● What to do: Beginning at the line containing "Known as assiettes", repeat each line below exactly up to and including the line containing "Portrait of peaceful". Do not repeat the pictures.

● Stored data:
- - - - -

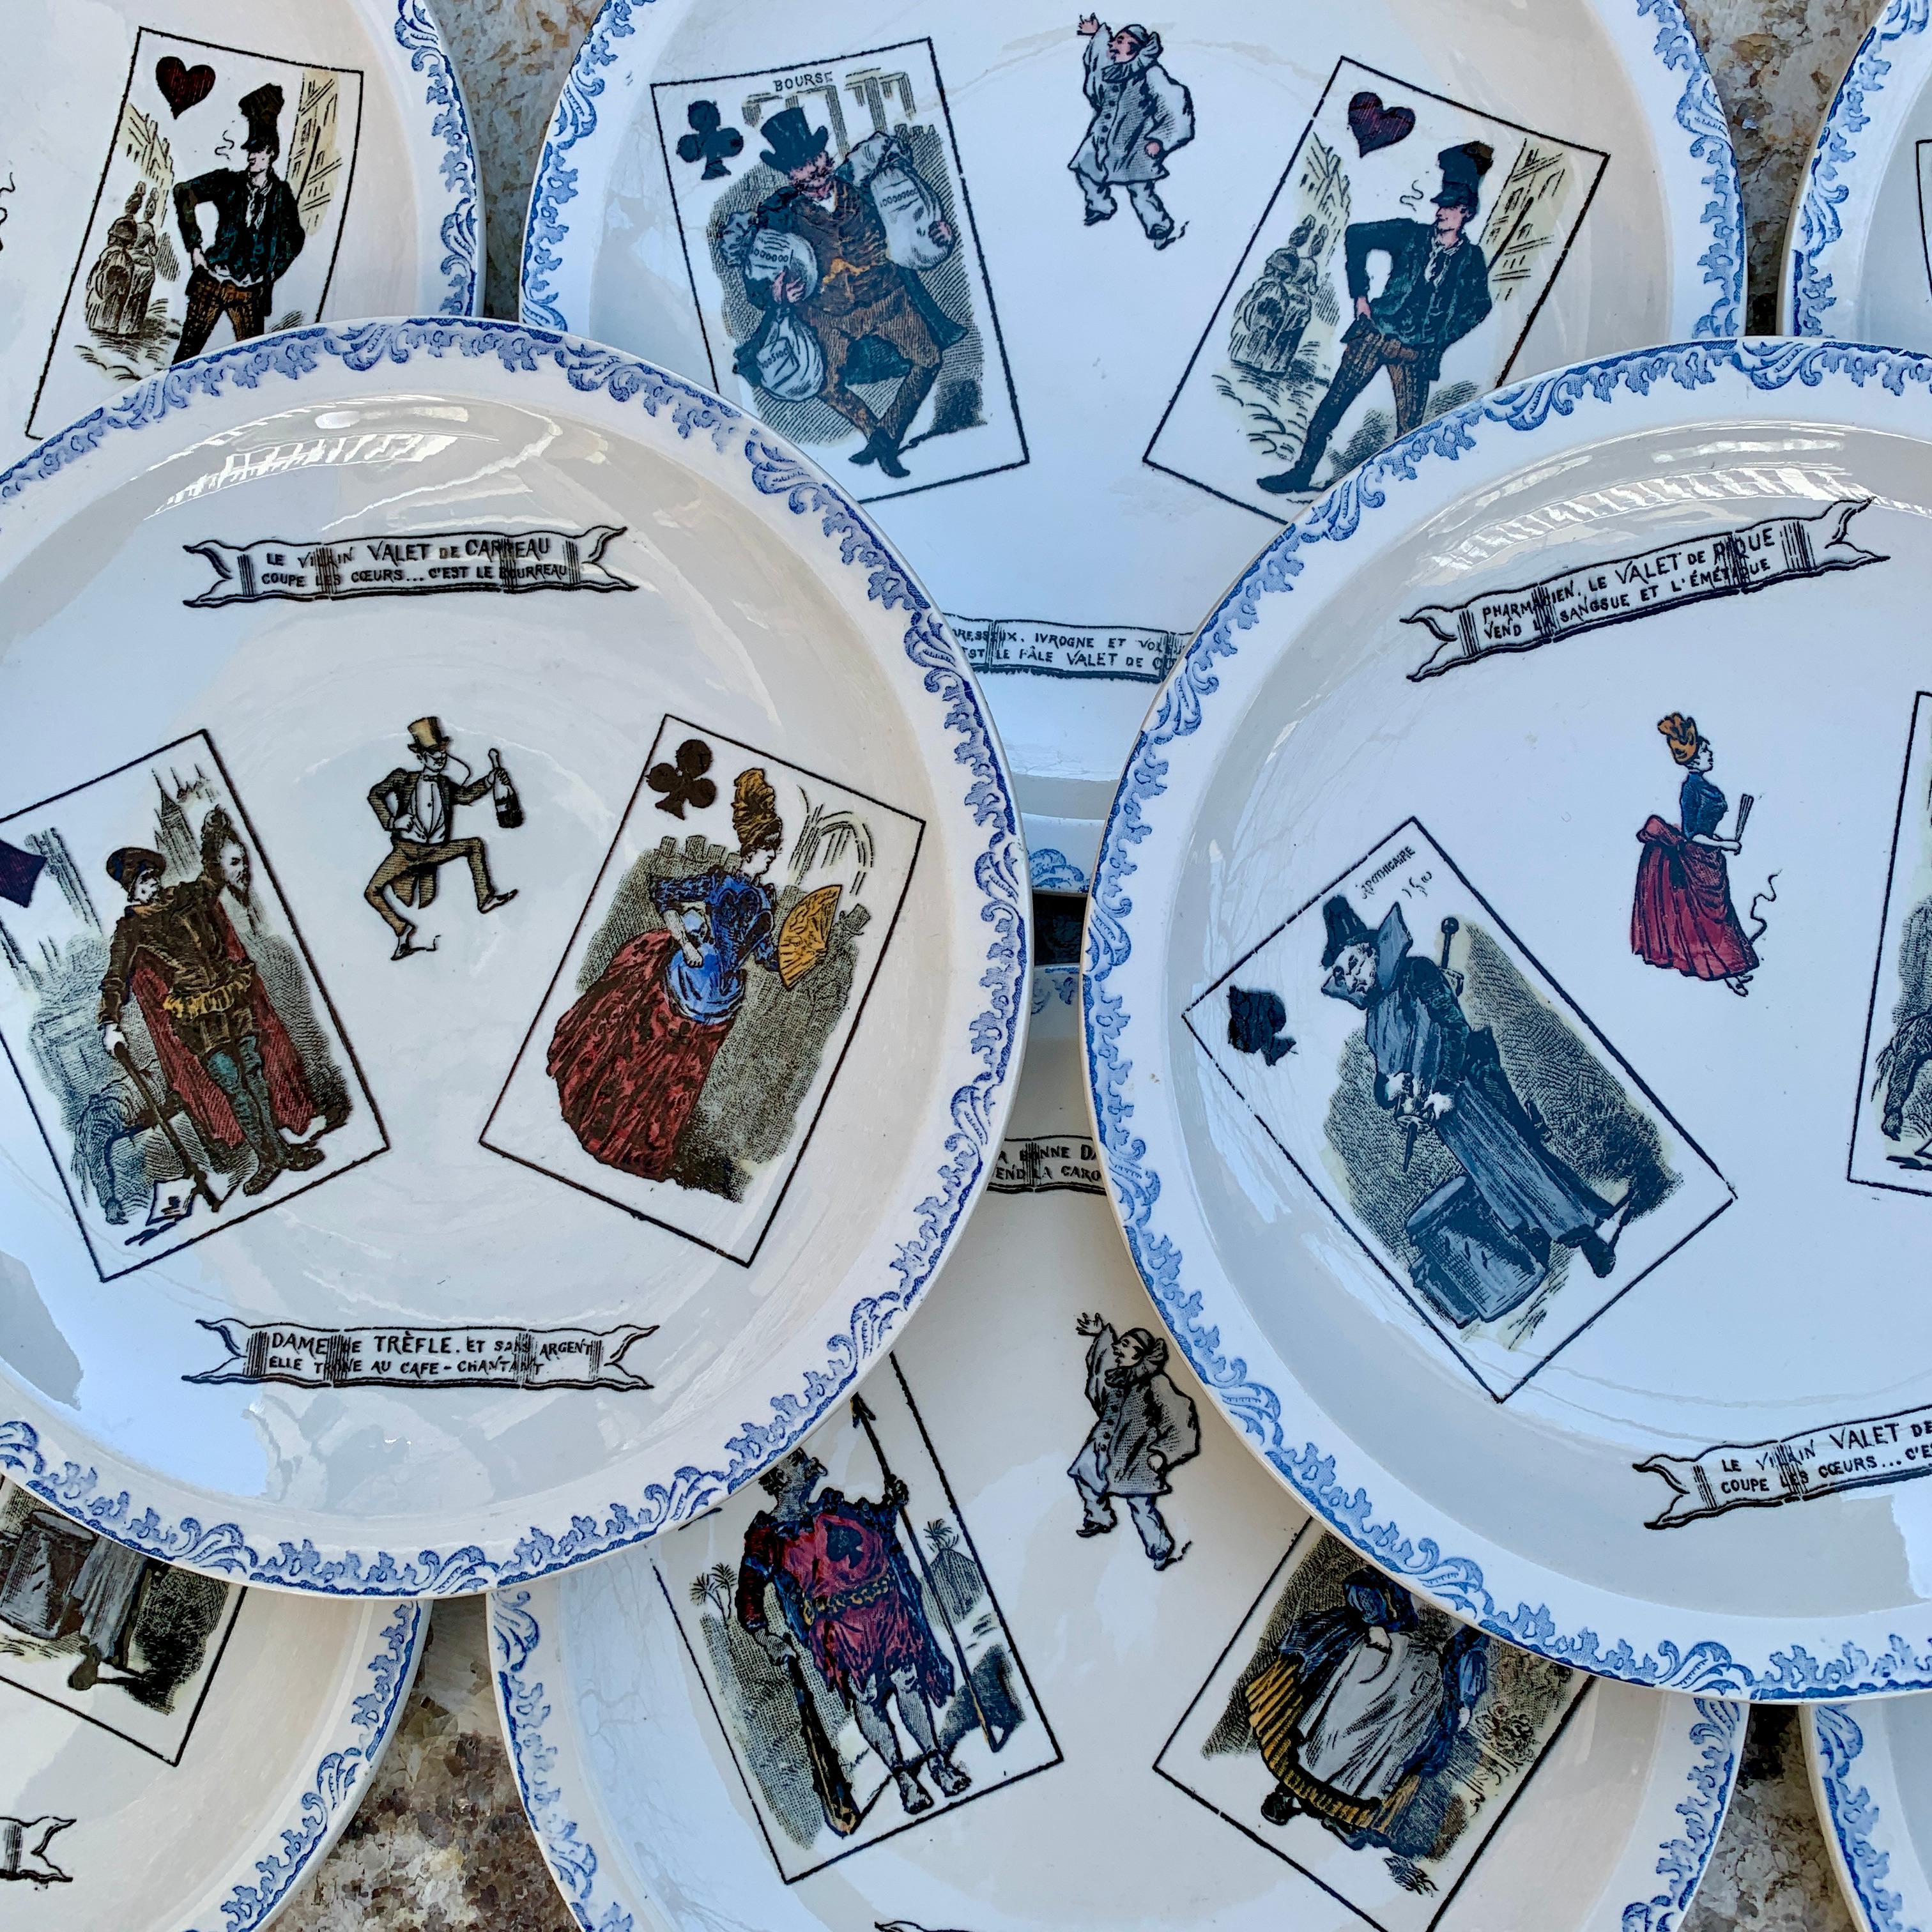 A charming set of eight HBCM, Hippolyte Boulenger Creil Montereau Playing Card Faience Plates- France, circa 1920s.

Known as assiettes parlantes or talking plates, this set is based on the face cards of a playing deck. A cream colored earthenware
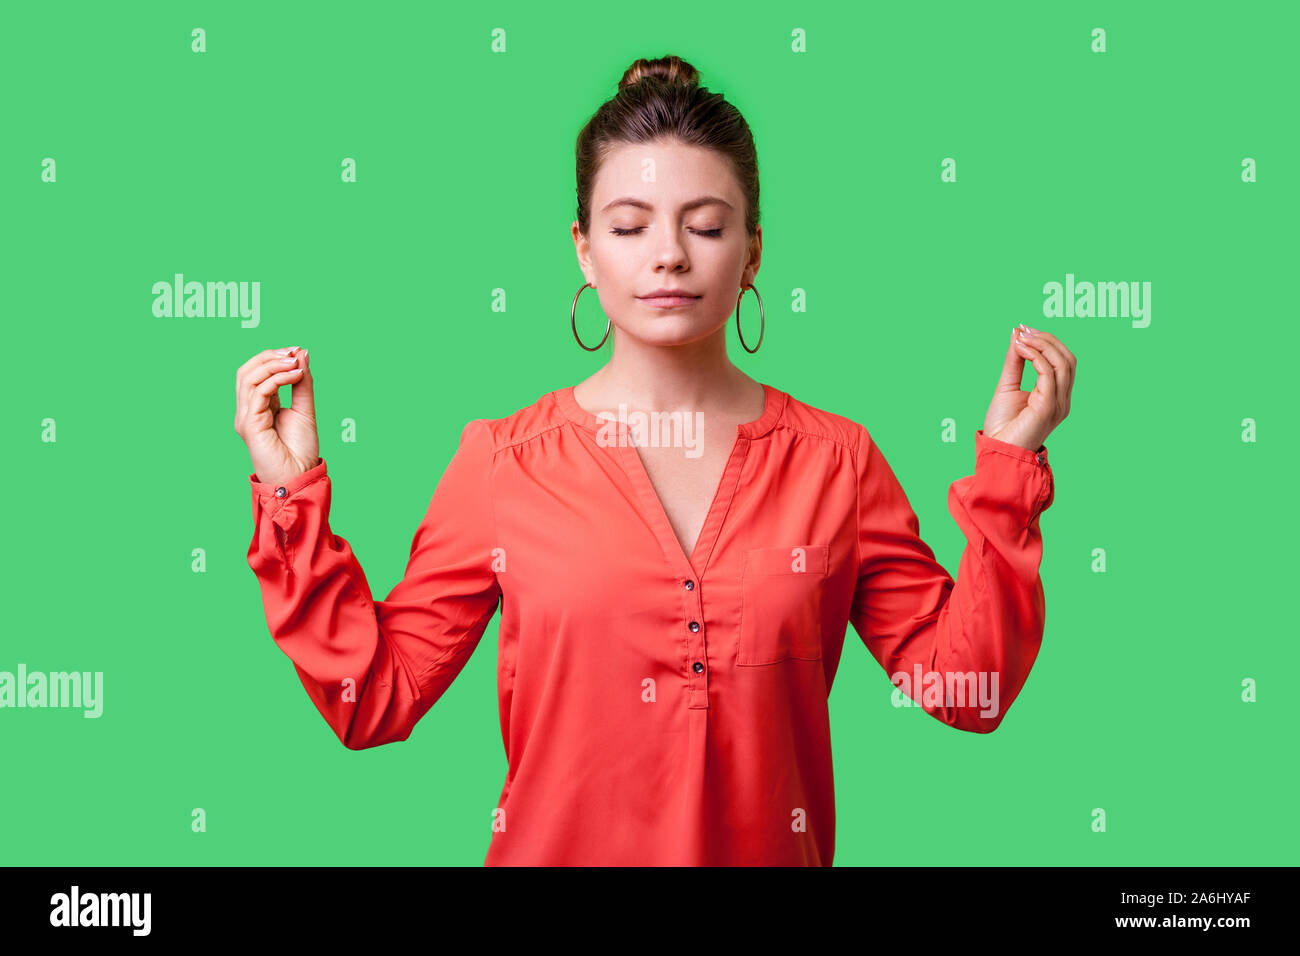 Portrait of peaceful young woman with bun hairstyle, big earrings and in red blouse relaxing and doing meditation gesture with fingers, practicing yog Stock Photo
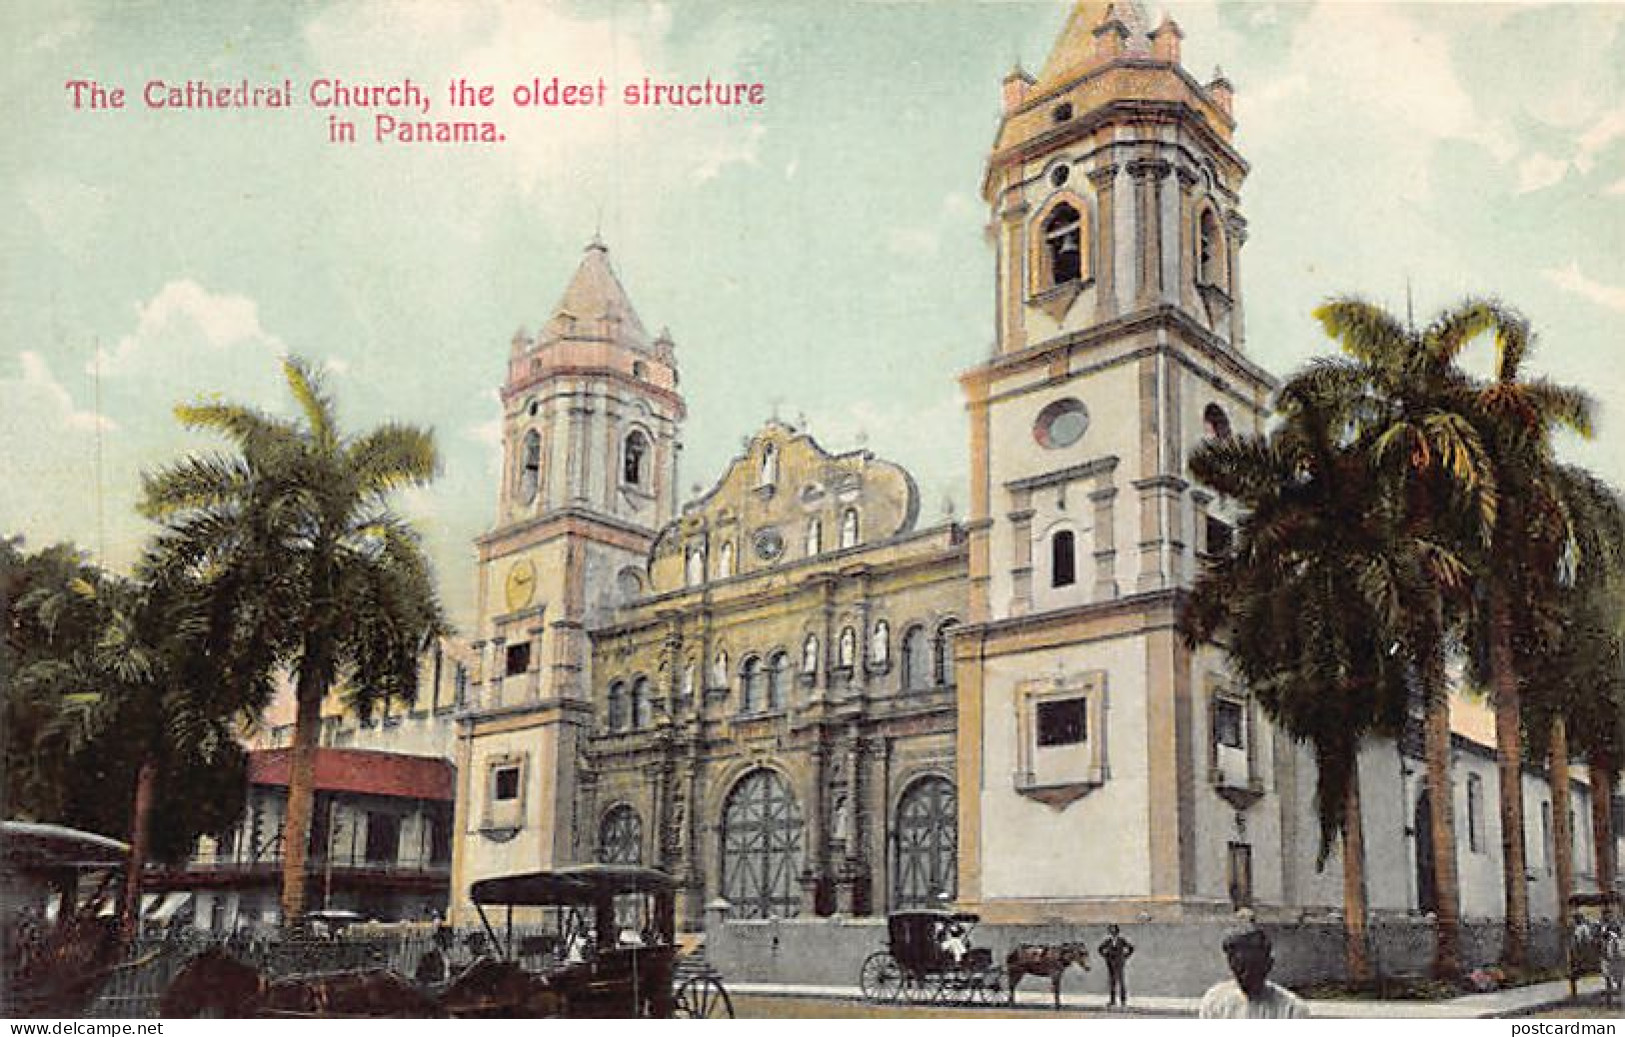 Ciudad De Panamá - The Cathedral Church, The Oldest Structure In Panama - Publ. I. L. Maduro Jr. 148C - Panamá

- - - - -

● Exercise response:
Known as assiettes parlantes or talking plates, this set is based on the face cards of a playing deck. A cream colored earthenware
 Portrait of peaceful young woman with bun hairstyle, big earrings and in red blouse relaxing and doing meditation gesture with fingers, practicing yog Stock Photo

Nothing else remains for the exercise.